Пришлось мне вернуться в "родную" школу. Урок профессора не прошел даром: я смирился с незыблемостью таблицы умножения и стал как все... Вернее, сам решил "стать как все", это я точно помню. Раздосадованная моим возвращением, тетя пообещала содрать с меня семь шкур, если я не перестану "косить под дурачка" и останусь на второй год - вот тогда-то я и решил затаиться на время. "Я вам еще покажу, - твердил я про себя, размазывая по щекам брызнувшие от теткиных подзатыльников сопли. - Вы меня еще узнаете!" На второй год я с грехом пополам не остался, а начиная с третьего класса и вовсе стал проявлять математические способности, даже был призером межрайонной алгебраической олимпиады. Классная математичка часто хвалила меня, но тут же добавляла свое неизменное:

- Из тебя, Сизов, мог бы получиться толк, если бы ты не решал задачки шиворот-навыворот.

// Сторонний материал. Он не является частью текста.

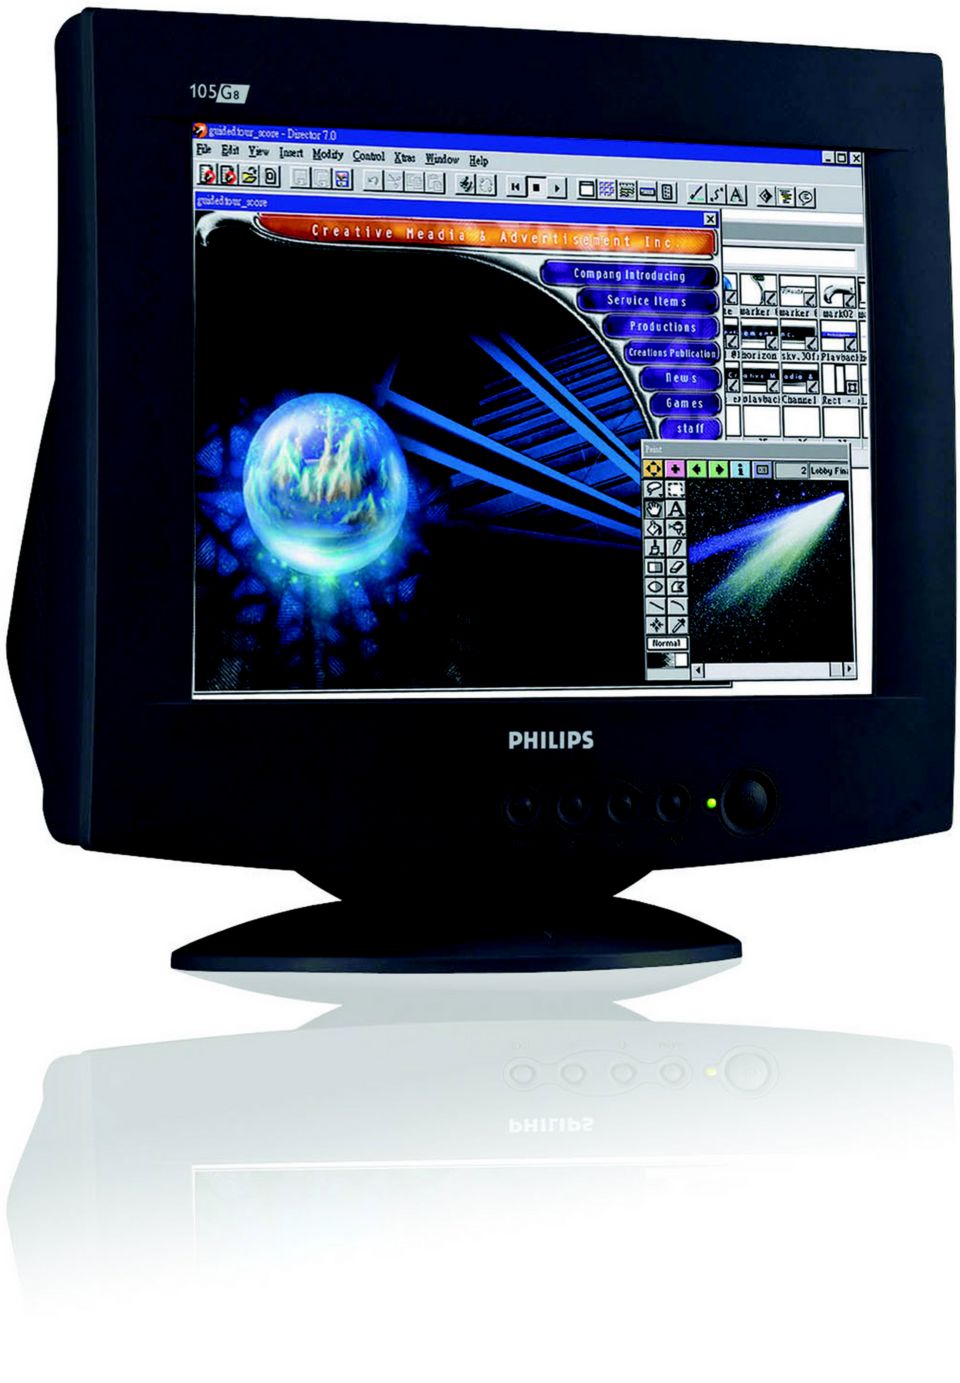 Crt Monitor 105g78 05 Philips

- Но с ответом-то сходится, Инесса Ивановна, - виновато оправдывался я.

Что верно то верно: я бы действительно мог преуспеть в математике, если бы относился к этой науке менее предвзято. Помню, когда в девятом классе я узнал о существовании "первого замечательного предела", меня аж затрясло: первый, да еще и замечательный! "Хер вам замечательный!" - сказал я про себя с юношеским задором и взялся за опровержение. И опроверг! Оказалось, что этот предел равен вовсе не единице, как до сих пор принято считать, а Пi/180. Два дня я проверял свою формулу по тригонометрическим таблицам Браддиса: все сходилось! Весь третий день я думал, что мне делать со своим "великим открытием", а на четвертый показал вышеприведенную формулу преподавателю, который вел школьный математический кружок. Пока преподаватель изучал у меня на глазах доказательство вновь открытой формулы, призванной произвести переворот в математической науке и сопредельной ей физике (я уже явственно слышал треск рвущихся по швам "пифагоровых штанов" и хруст пожираемого моей формулой "ньютонового яблока"!), я сильно боялся, что этот вечно хмурый ипохондрик вдруг прыснет смехом и спросит, брызжа мне в лицо слюной: "Сколько будет дважды два?", - но к моему счастью - и к несчастью математической теории = преподаватель отнесся к представленному доказательству излишне серьезно и, найдя в нем формальную, как оказалось в последствии, ошибку, пообещал мне поверить вто, что я "гений калибра Лобачевского", если я эту ошибку исправлю. Ошибку я исправил в тот же вечер, несмотря, кстати, на то, что тетка не в шутку пыталась разбить об мою голову настольную лампу, мешавшую ей спать, и, исправив ее, почувствовал себя гением... на чем и успокоился.

- Ну как, исправил? - поинтересовался через несколько дней тот самый преподаватель.

- Почти, - загадочно ответил я, чувствуя себя в глубине души мэтром, которого бестолковый ученик просит объяснить, что такое синус.